Yesterday I launched into a rather lengthy analysis of how the #BlackLivesMatter movement may be getting to the point of overreach and turning off some of the more moderately liberal voters who would otherwise support them. Unfortunately, my discussion was limited to that one, specific segment of the larger progressive population. As it turns out, those excesses may just be one symptom of a larger problem for liberals as they seek to capitalize on recent gains and force a social readjustment on the entire nation to a degree which people are simply not going to accept. At National Review, David French takes a look at a similar backlash which may (finally) be coming in terms of the gay marriage fight, abortion and other touchstones of the culture wars.
I woke up yesterday morning deeply confused. If there is one thing that I thought I’d learned over the past few weeks, it’s that history has a “side,” and I don’t happen to be on it. My views — pro-life, pro-traditional-marriage — were yesterday’s news. The rainbow White House, rainbow Facebook, and — most important — the rainbow Supreme Court all told me so. The culture war was over. All that was left was the mop-up operation. I should hightail it back to my “house of worship” — which the Left would leave alone (for now) — while it purged the academy and the marketplace of the last vestiges of bigotry and backward thinking.

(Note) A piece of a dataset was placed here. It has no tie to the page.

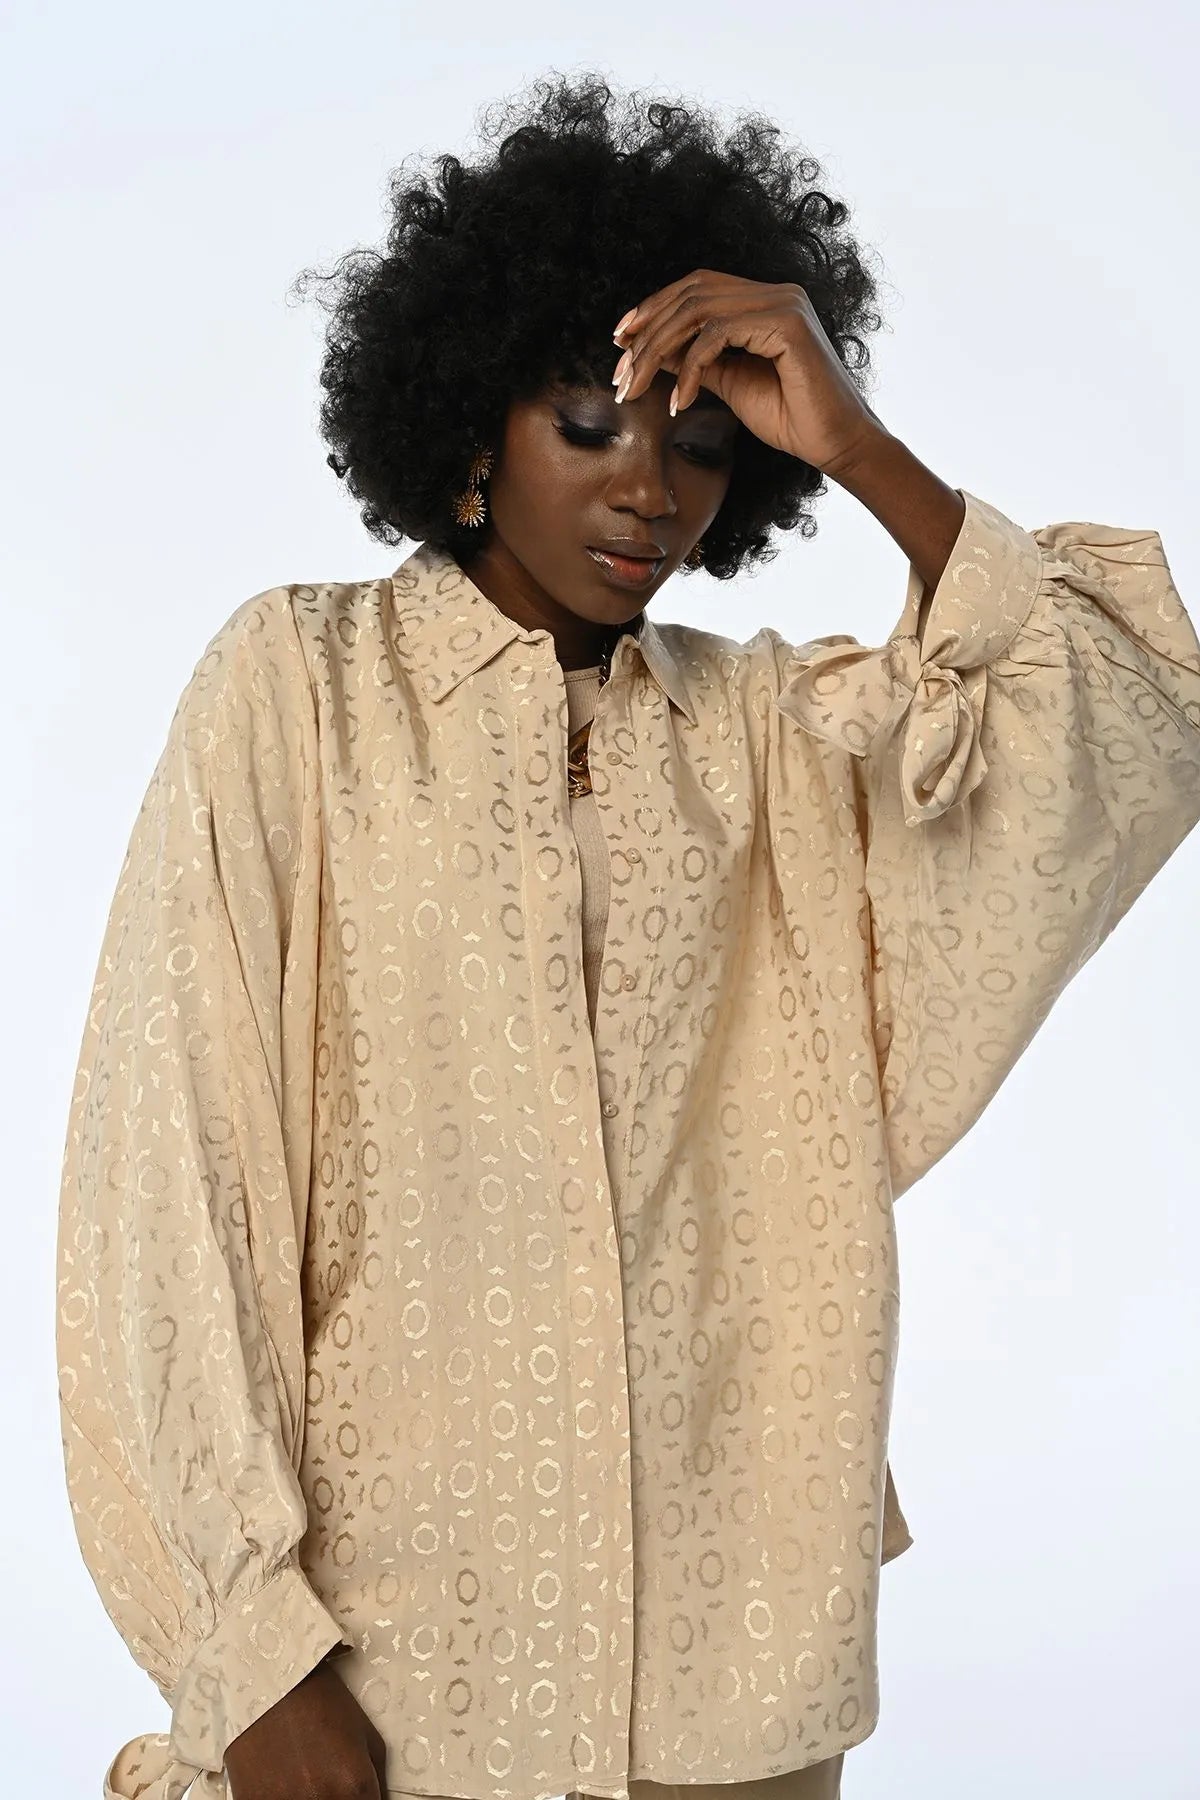 GEOMETRIC PATTERNED BEIGE SHIRT WITH BOUND SLEEVES OVERSIZE FIT - Lebbse

It was time to bankrupt the Christian bakers.
All of this was so crystal clear that imagine my confusion when I discovered that since the Supreme Court’s Obergefell decision, three separate polls showed that support for same-sex marriage had declined. Not only that, but almost six in ten Americans now support the right of religious business owners to decline to participate in same-sex weddings — a sharp increase. At the same time, Planned Parenthood — the world’s largest abortion provider and the social-justice Left’s favorite organization — was reeling from revelations that its senior leaders appear to just love to talk about selling baby parts. After all, there are Lamborghinis to buy.
And why would the polls be showing such a sudden shift to “the wrong side of history” in the middle of a revolutionary, victorious era for the left? Because, as French points out, people don’t like a bully.
What’s happened? The Social Justice Warriors forgot that most Americans just don’t like mean people. And in one two-week span of American life, millions of SJWs helpfully and unmistakably labeled themselves with their rainbow profile pictures, then proceeded to act like hectoring, condescending, arrogant scolds — loudly and publicly — day after day. They were mean. They mocked Christians, celebrated the plight of a Christian baker’s family as it faced financial ruin for refusing to facilitate a gay wedding, and kept pointing at the Supreme Court and White House as if they represented some sort of cosmic scoreboard — as if the only conservative response was to take their ball, slink away, and go home.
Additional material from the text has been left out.